» Material for this exercise:
▬▬▬

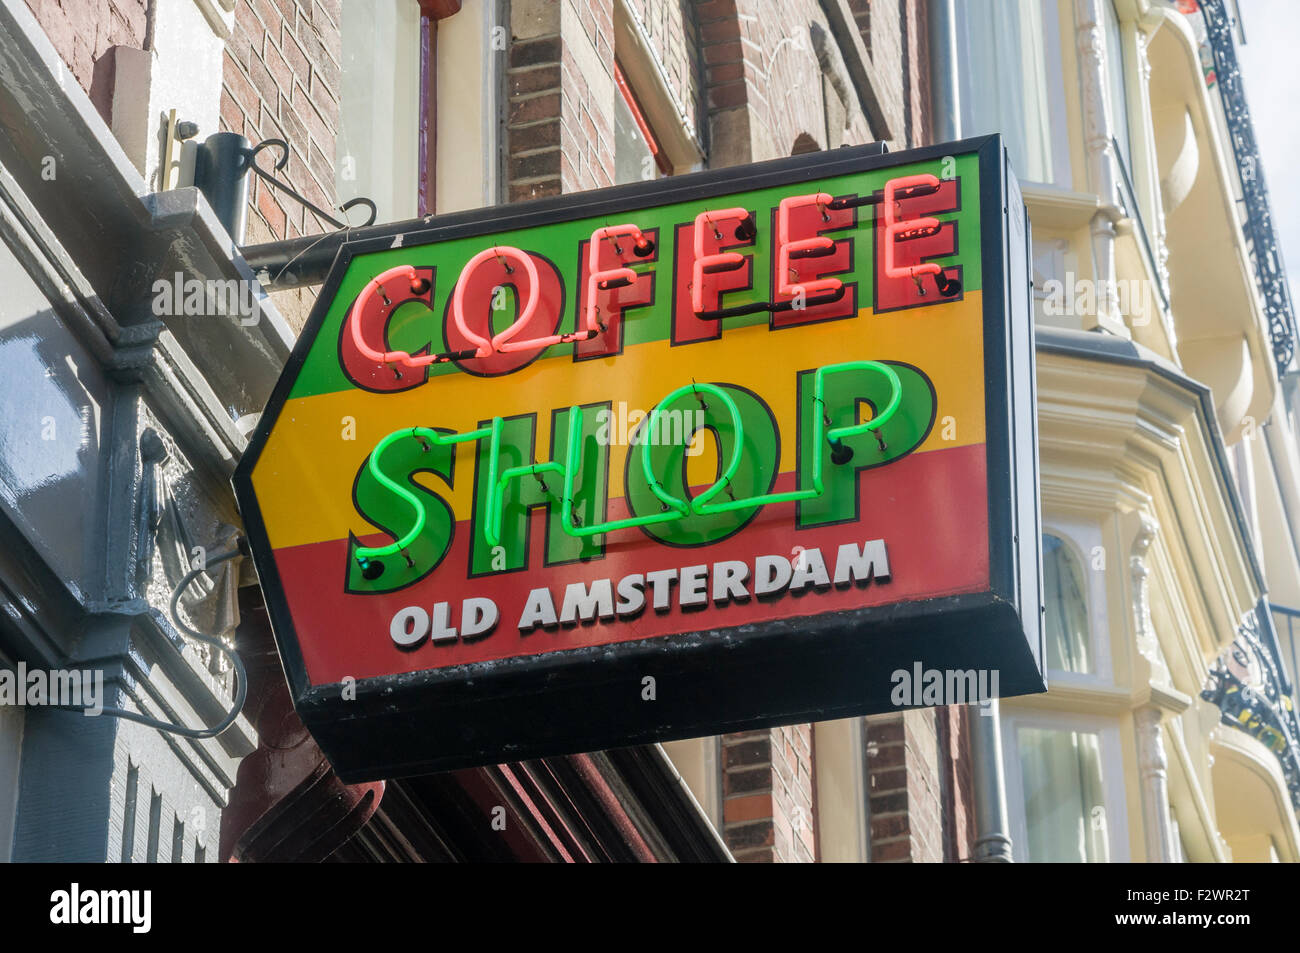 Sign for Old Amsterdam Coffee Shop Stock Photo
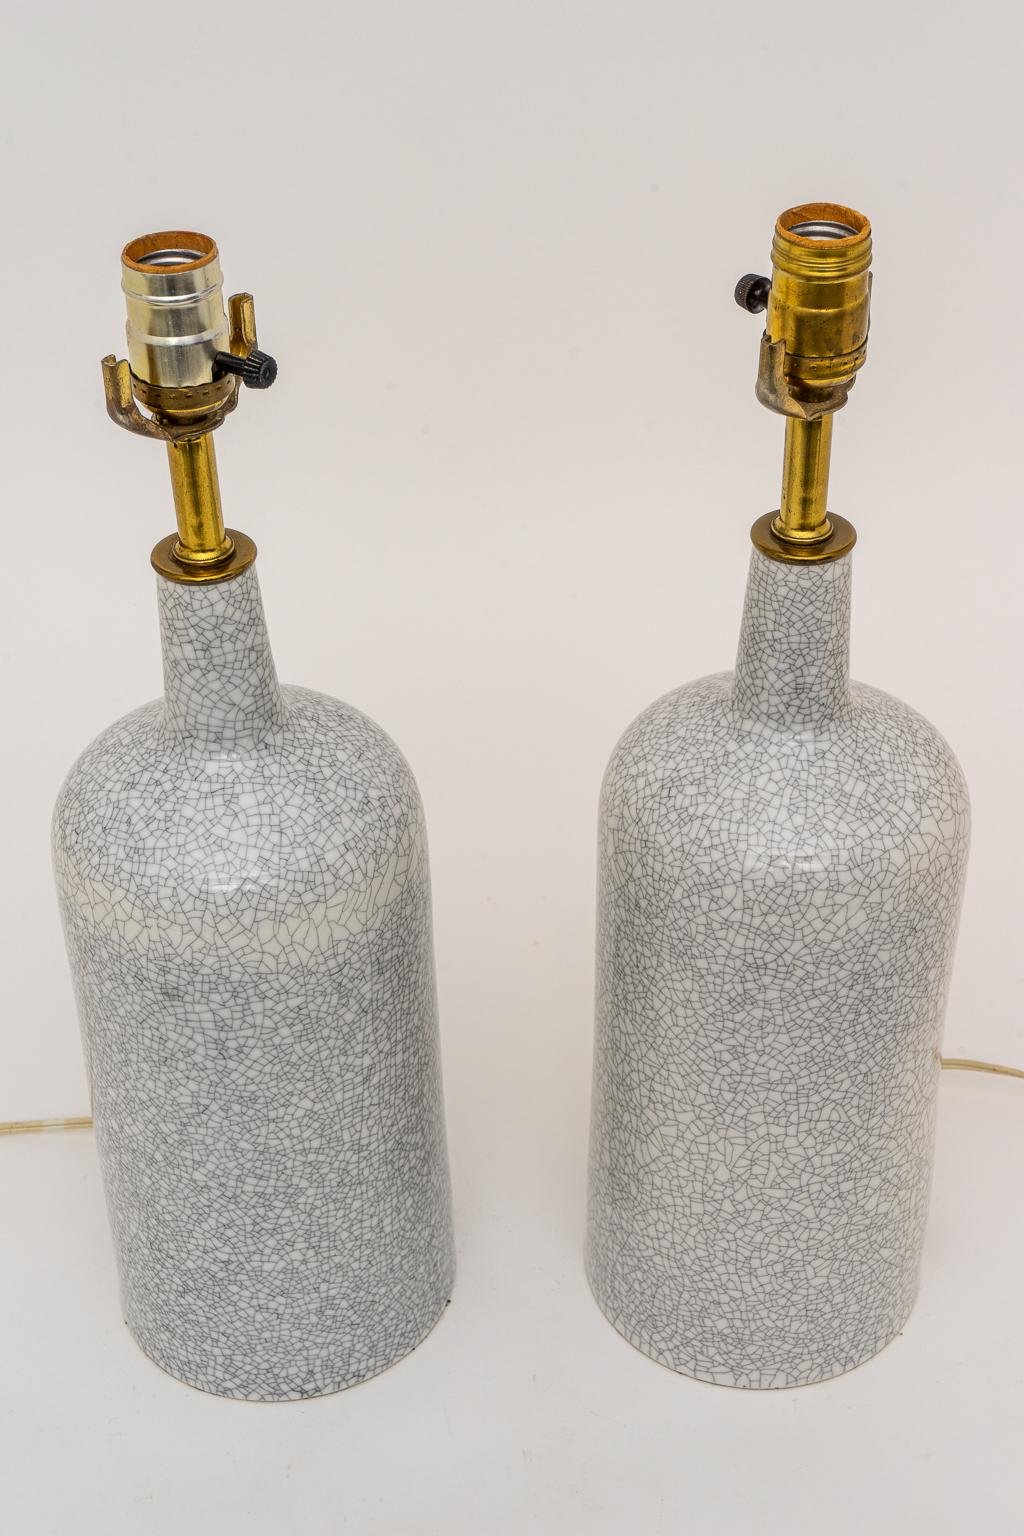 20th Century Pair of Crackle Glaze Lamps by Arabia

▬▬▬

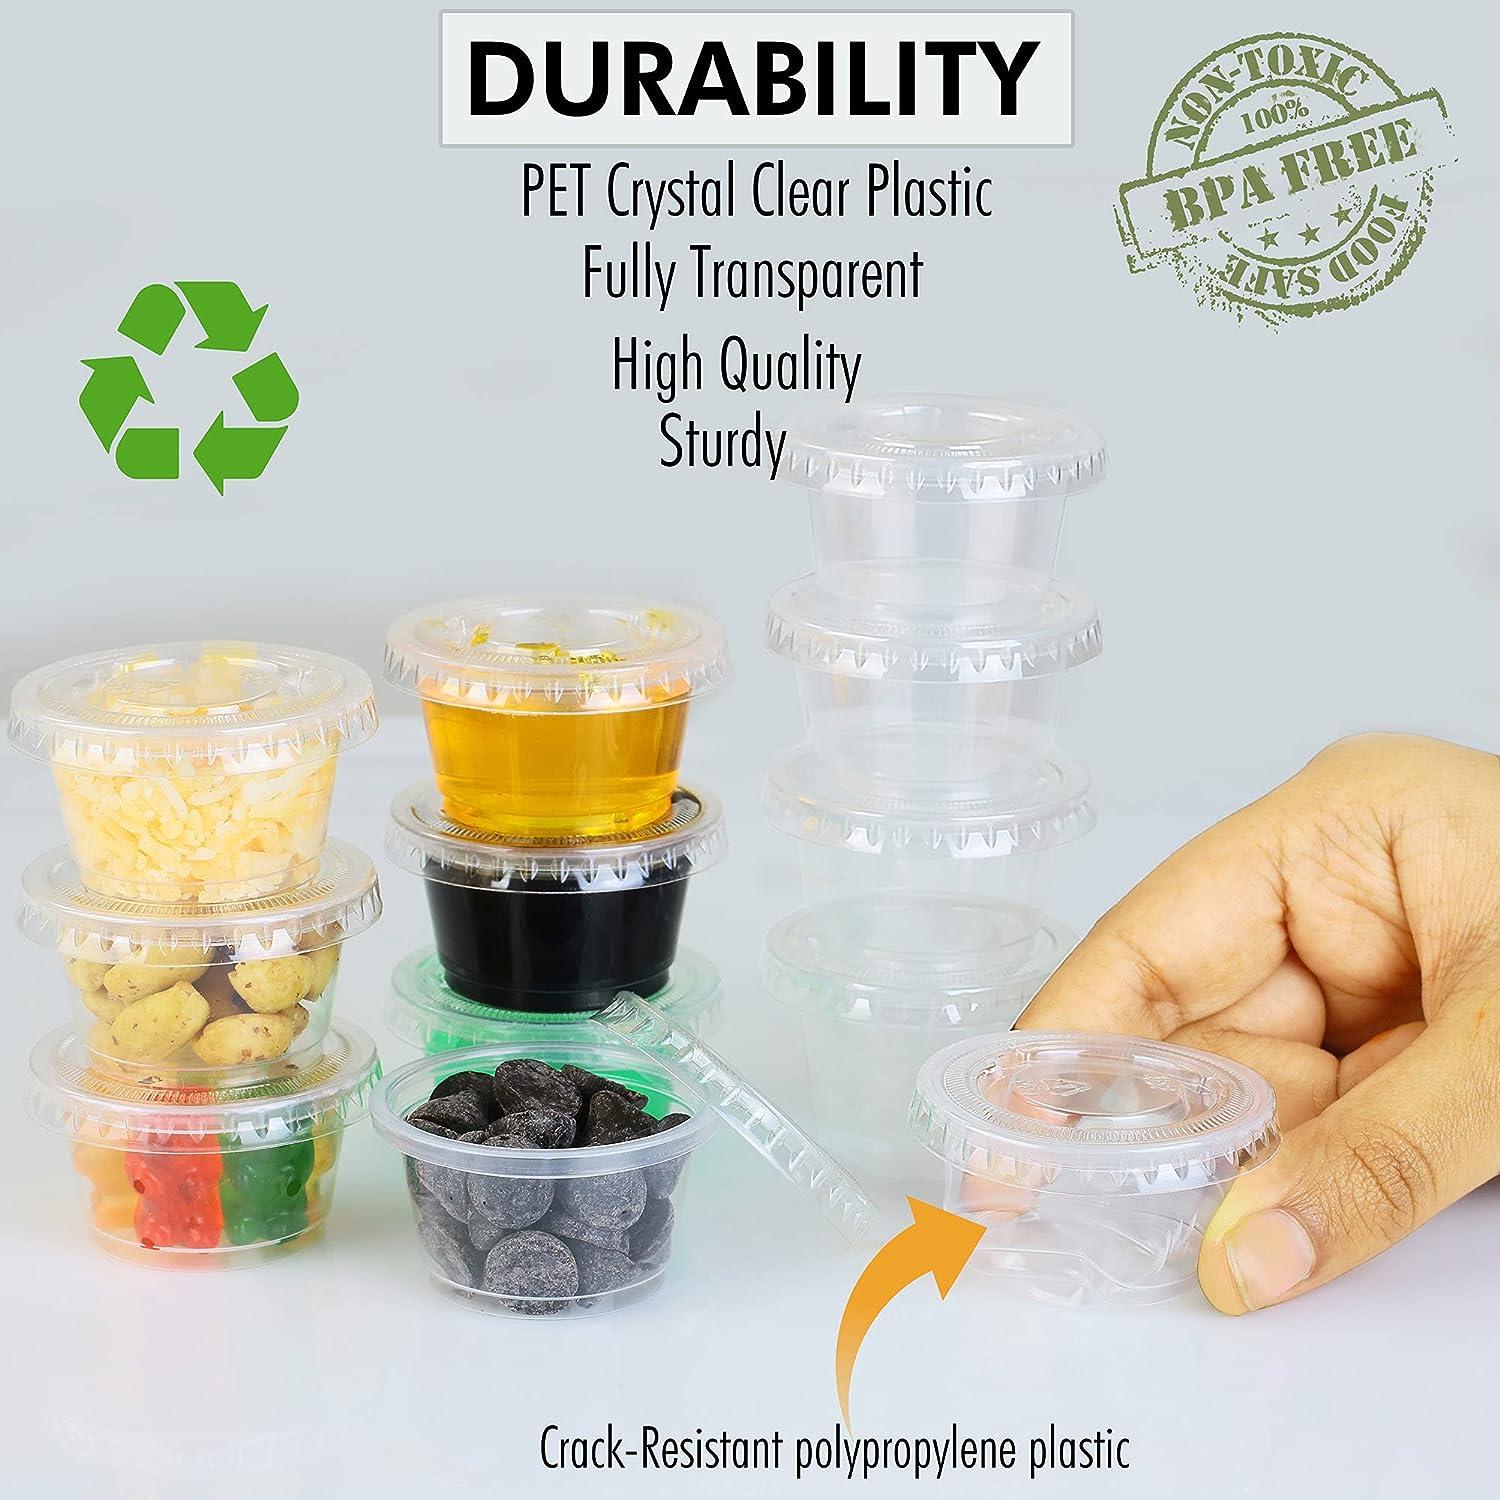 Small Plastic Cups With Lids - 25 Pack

▬▬▬

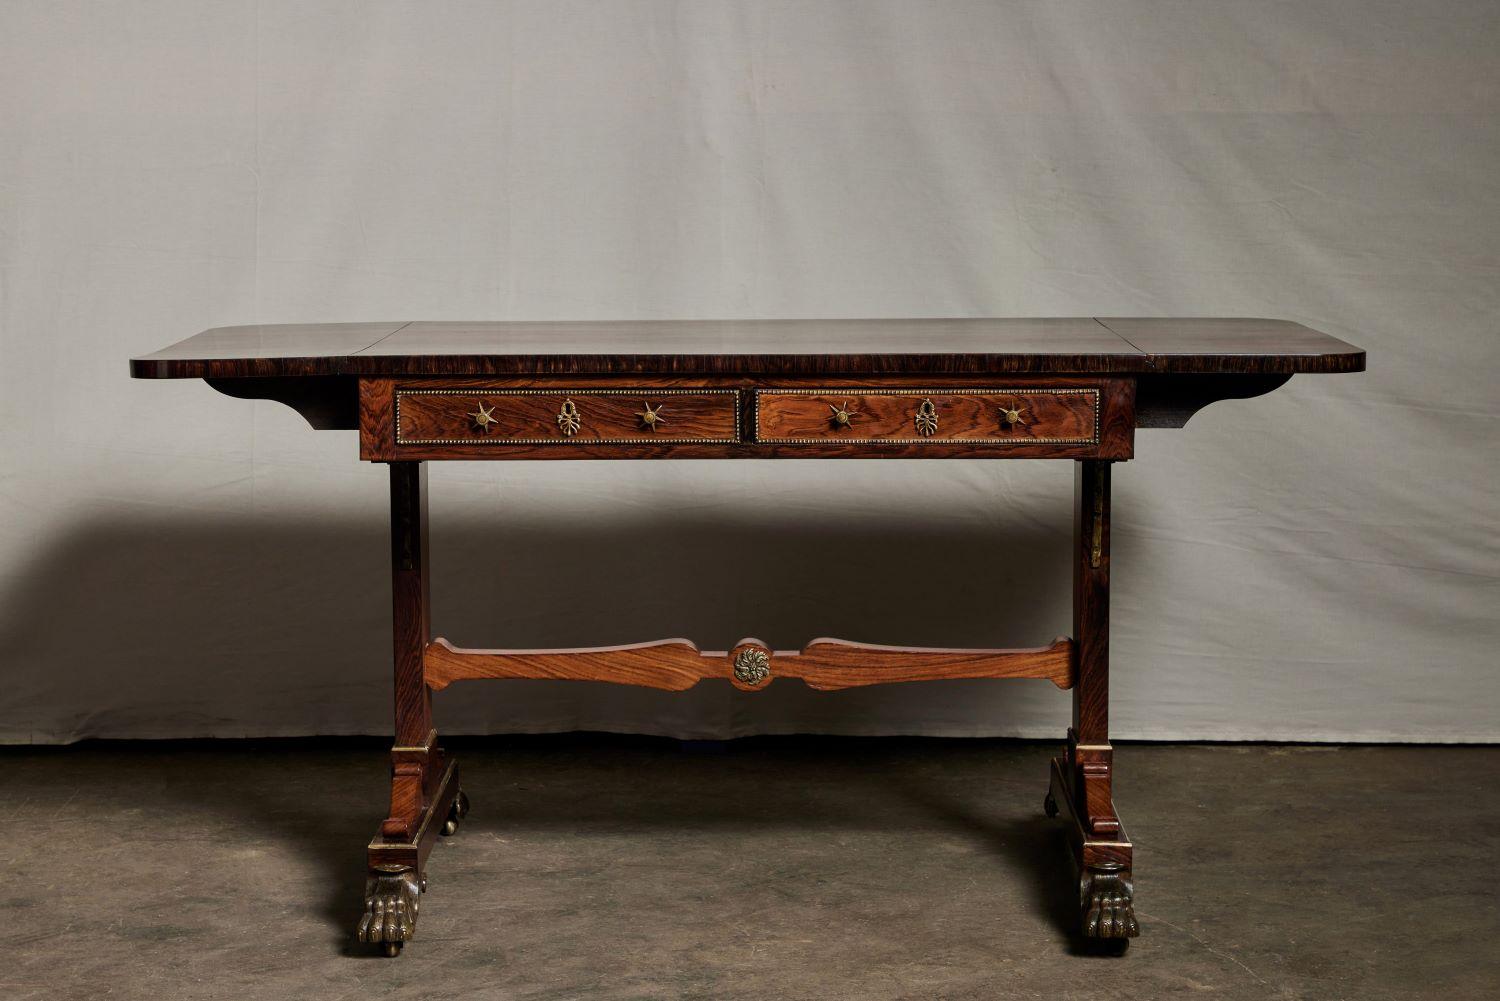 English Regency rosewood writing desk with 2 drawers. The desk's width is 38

▬▬▬

» Your objective:
Using the data above, give again exactly the lines starting at the one holding "Sign for Old" and ending at the one holding "20th Century Pair", inclusive, and nothing more. Omit the pictures.

» Response below:
 Sign for Old Amsterdam Coffee Shop Stock Photo
 20th Century Pair of Crackle Glaze Lamps by Arabia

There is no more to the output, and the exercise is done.